Spanish jobless up 1.6% in February

2nd March 2011, Comments 0 comments

The number of people unemployed in Spain, which has the highest jobless rate in the industrialised world, rose further in February, the labour ministry said Wednesday.

There were nearly 4.3 million people registered as unemployed last month, up by 68,260 people or 1.6 percent from January, the ministry said.

Compared with the total 12 months ago, the figure was up 4.0 percent or 168,638.

"It is a bad number," secretary of state for employment, Mari Luz Rodriguez, said, adding that the rise in unemployment in February was nonetheless smaller than during the same month in 2010 and 2009.

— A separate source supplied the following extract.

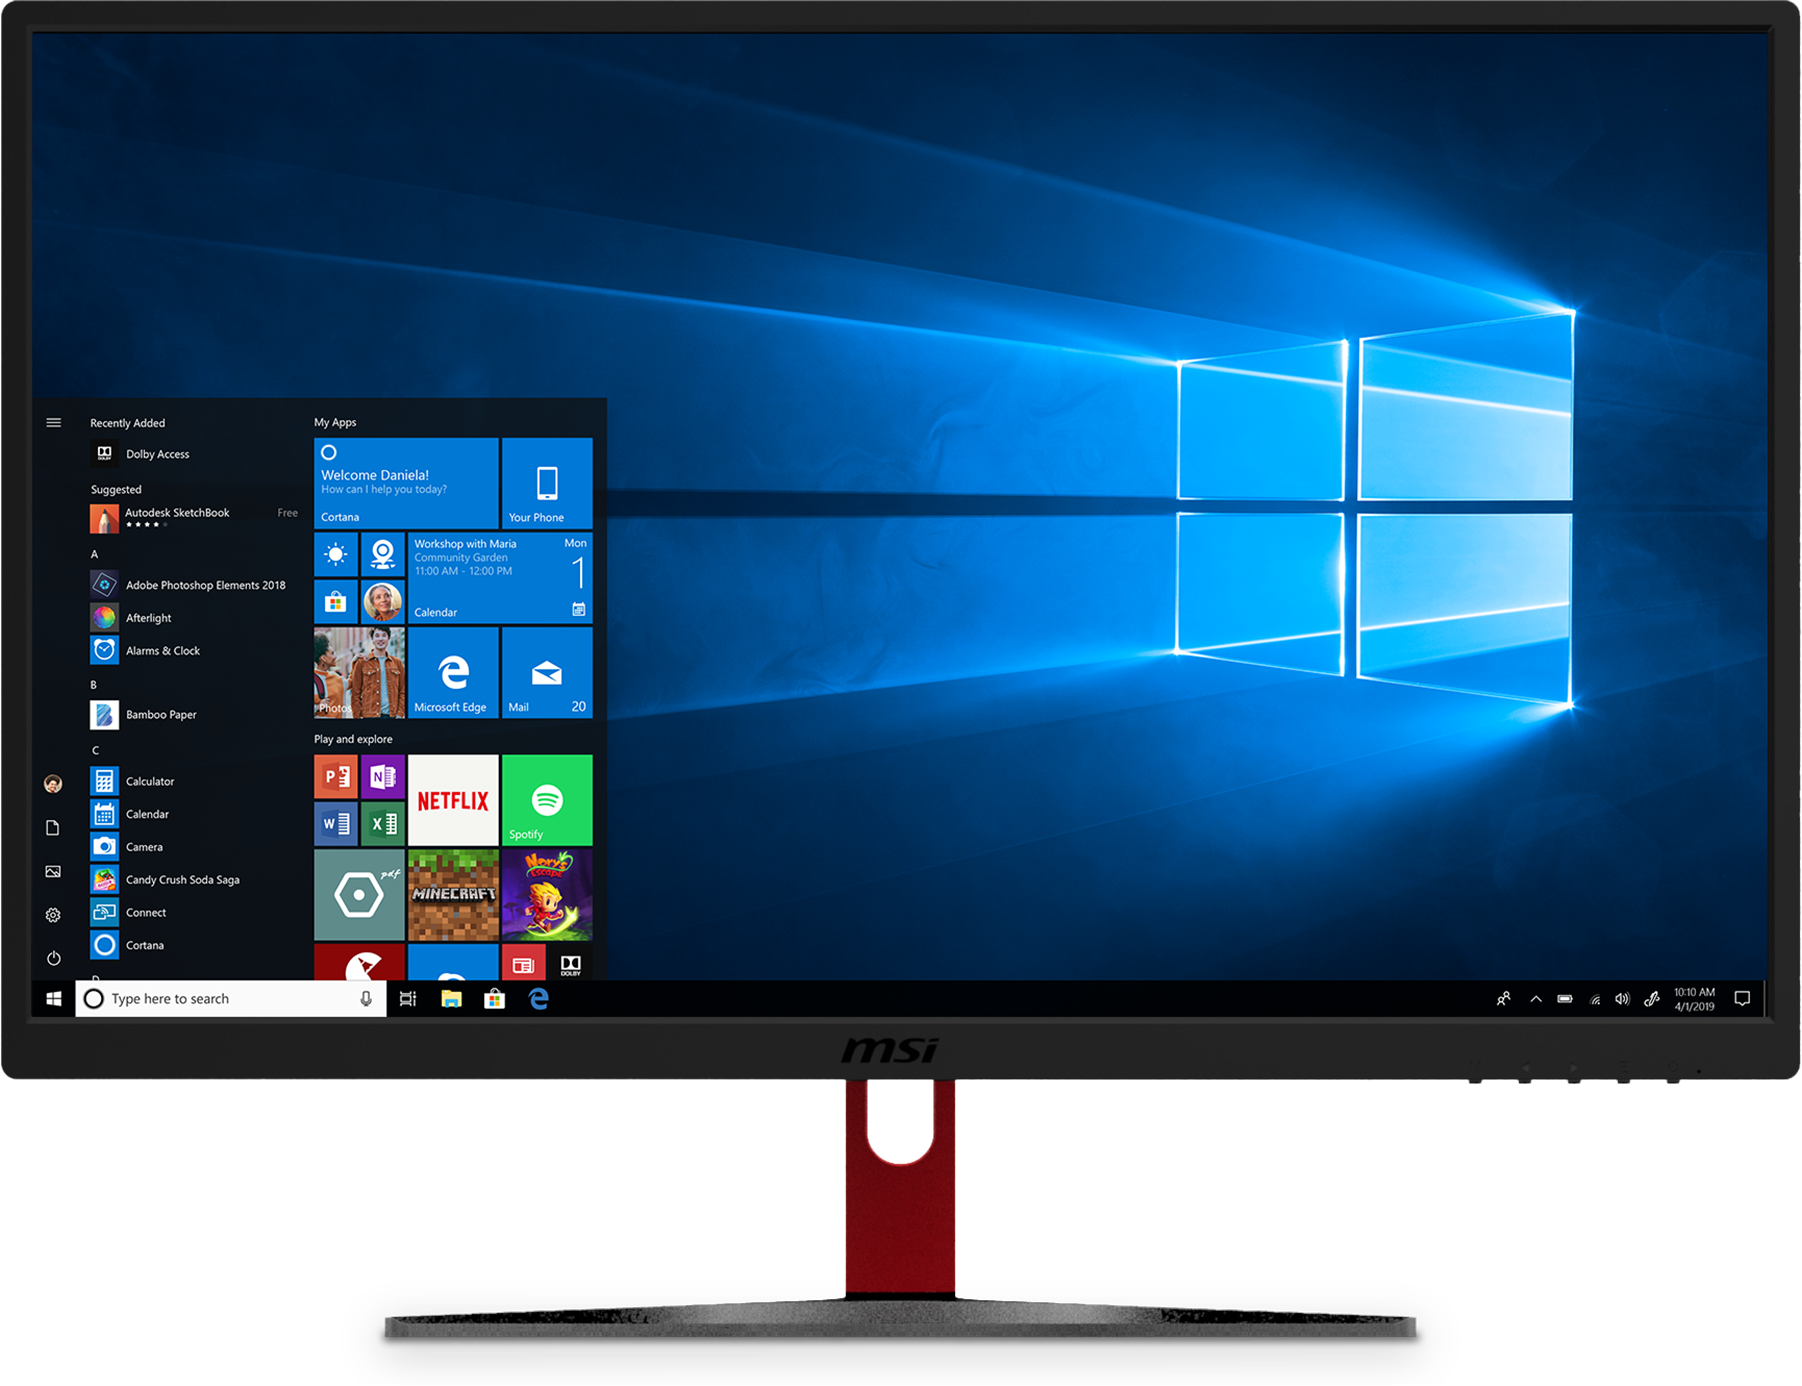 Buy MSI Optix G24C 24'' Monitor - Microsoft Store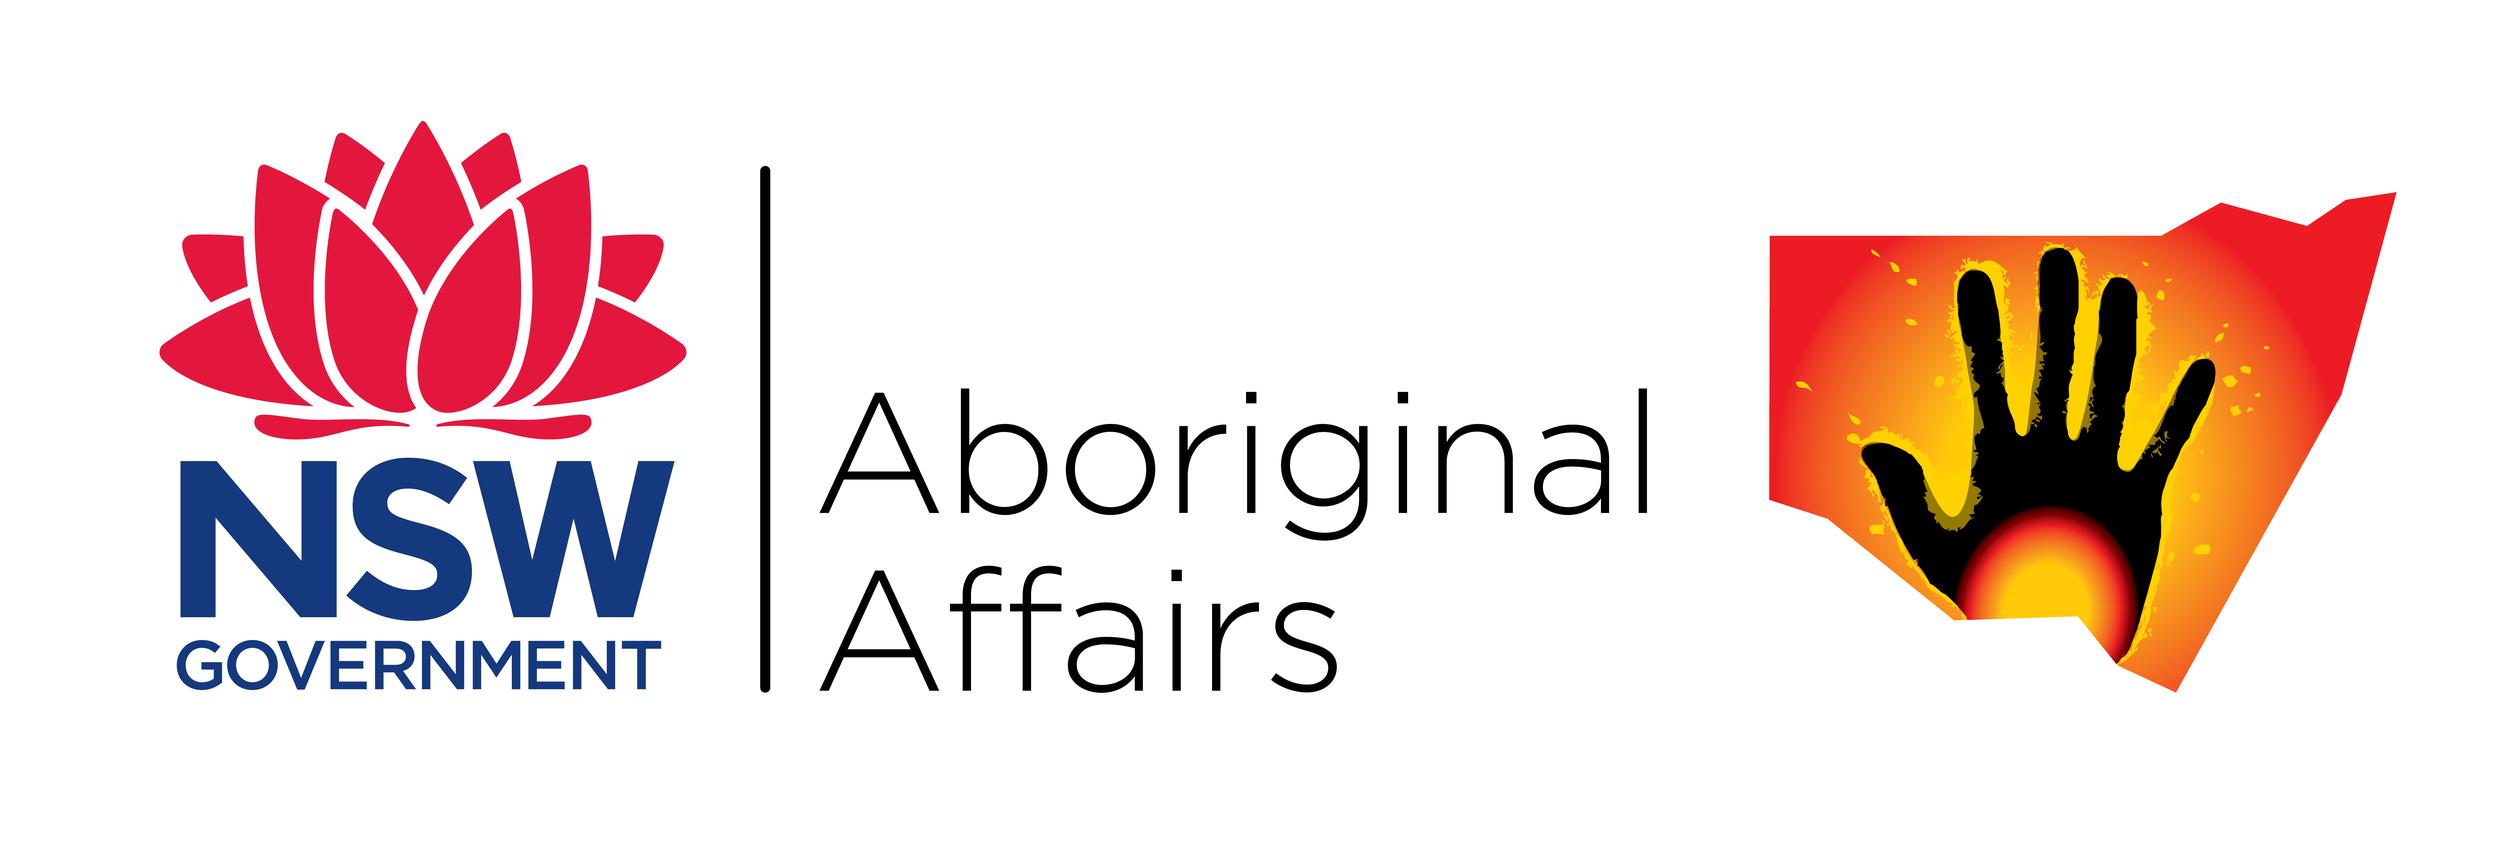 DoE_Aboriginal Affairs Logo_CMYK.png

The government does not provide a jobless rate but the national statistics institute, which uses a different calculation method from the labour ministry, said in January that the rate came to 20.33 percent at the end of 2010.

That is the highest level in the Organisation for Economic Cooperation and Development (OECD) and it easily exceeds the government target of 19.4 percent for the year.

In October, the government raised its forecast for the jobless rate for 2011 to 19.3 percent, from a previous estimate of 18.9 percent, due to the effects of government spending cuts aimed at reining in a massive public deficit and reassuring nervous markets that Spain will not need an Irish-style bailout.

It predicts the jobless rate will dip to 17.5 percent in 2012 and 16.2 percent in 2013.

The Spanish economy, the European Union's fifth biggest, slumped into recession during the second half of 2008 as the global financial meltdown compounded the collapse of a labour-intensive construction boom.

It shrank 0.1 percent in 2010 and the government predicts the economy will expand by 1.3 percent this year. The International Monetary Fund sees growth of just 0.6 percent.

Last year, the government introduced a hotly contested labour market reforms which cut the country's high cost of firing workers and gave companies more flexibility to reduce working hours and staff levels in economic downturns -- changes that it argued would boost job creation.